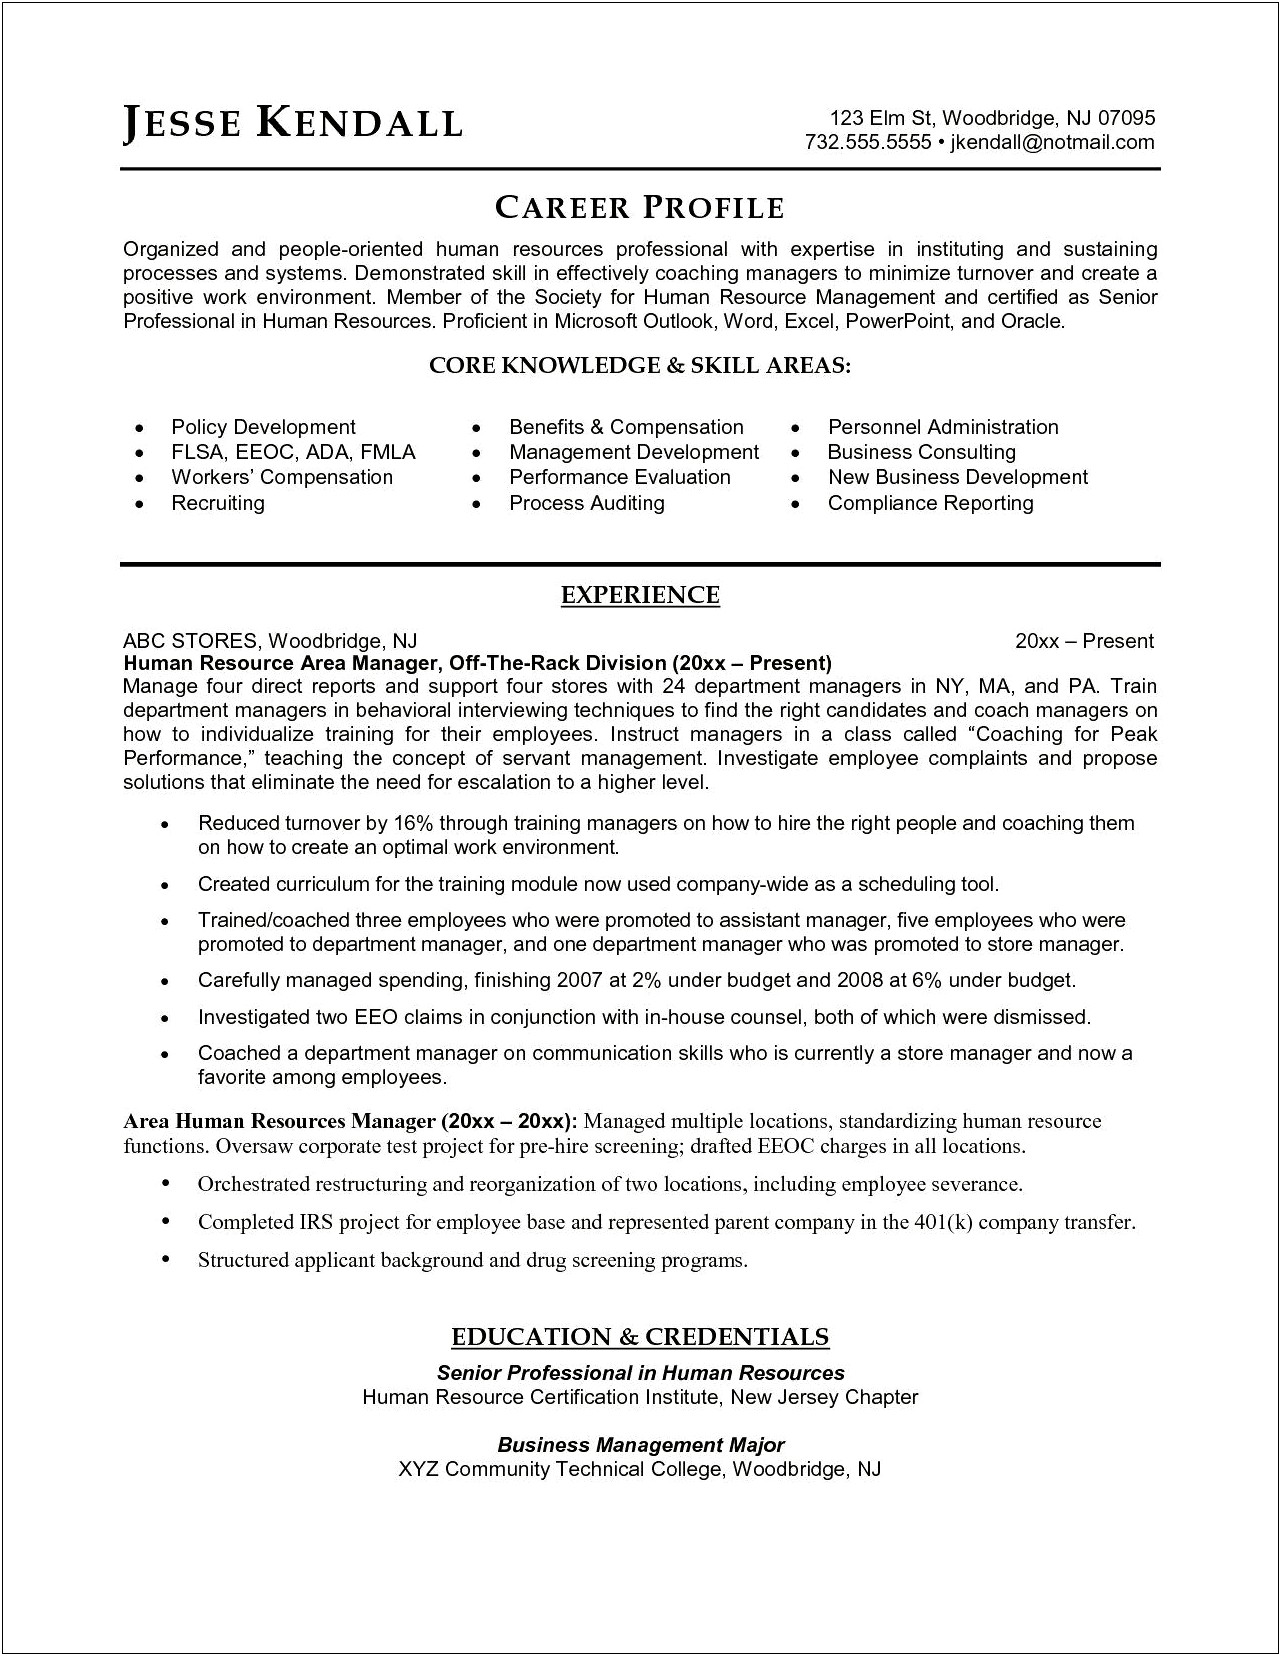 Human Resources Manager Resume Skills
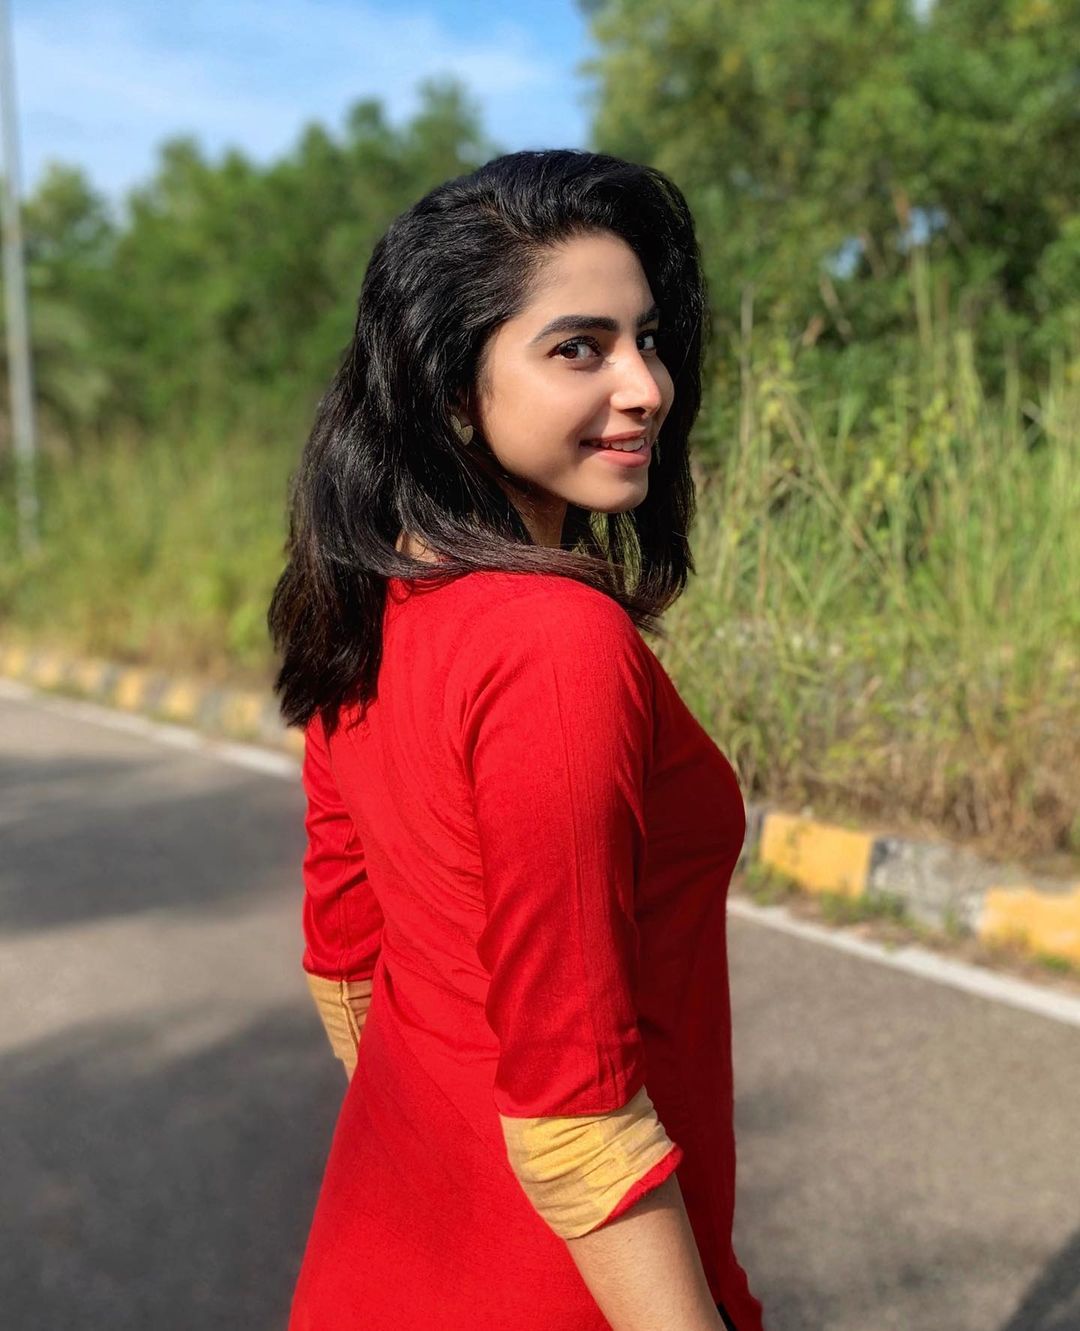 Malayalam actress Ameya Mathew new hot photo gallery Photos: HD Images,  Pictures, Stills, First Look Posters of Malayalam actress Ameya Mathew new  hot photo gallery Movie 
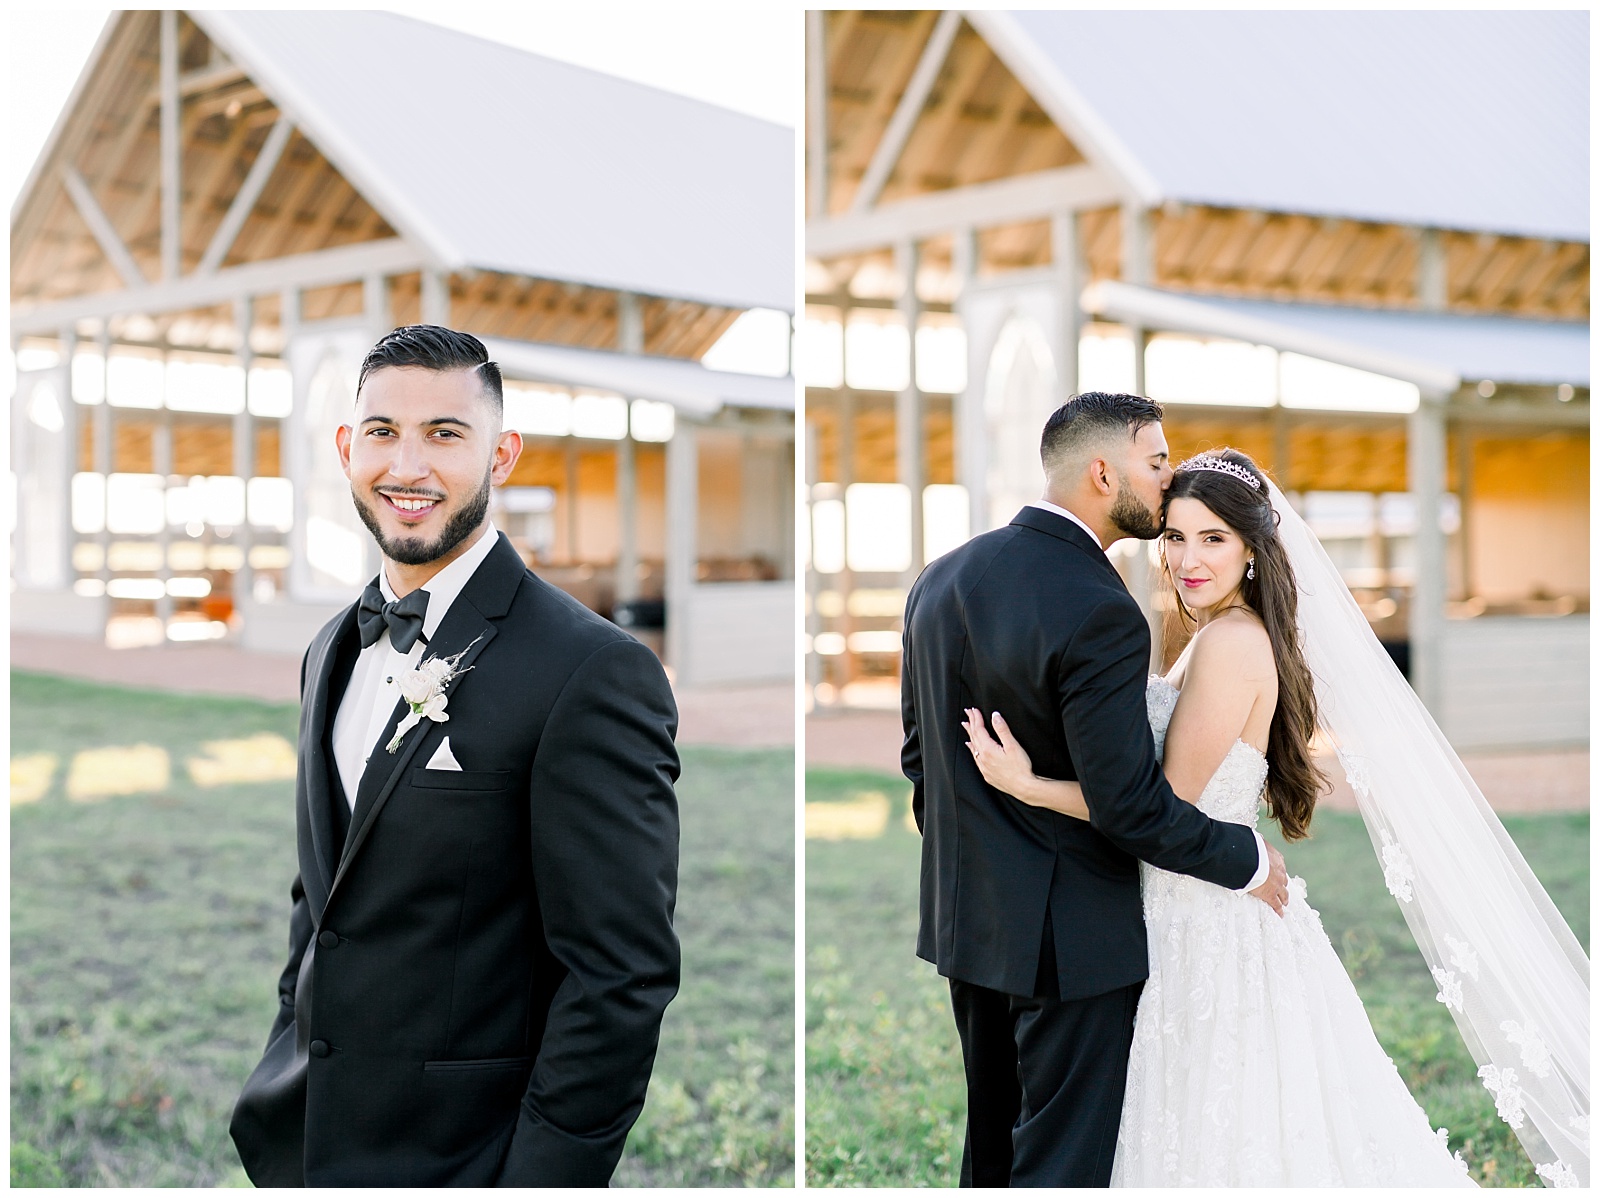 Side by side of groom and groom with his bride for a Romantic Wedding at The Allen Farmhaus in New Braunfels, TX | San Antonio-Maui-Destination Wedding Photographer | Monica Roberts Photography | www.monicaroberts.com

━━━━━━

What to produce: Copy the lines above exactly and exclude every image.

Written reply:
 Human Resources Manager Resume Skills
 Malayalam actress Ameya Mathew new hot photo gallery Photos: HD Images,  Pictures, Stills, First Look Posters of Malayalam actress Ameya Mathew new  hot photo gallery Movie 
 Side by side of groom and groom with his bride for a Romantic Wedding at The Allen Farmhaus in New Braunfels, TX | San Antonio-Maui-Destination Wedding Photographer | Monica Roberts Photography | www.monicaroberts.com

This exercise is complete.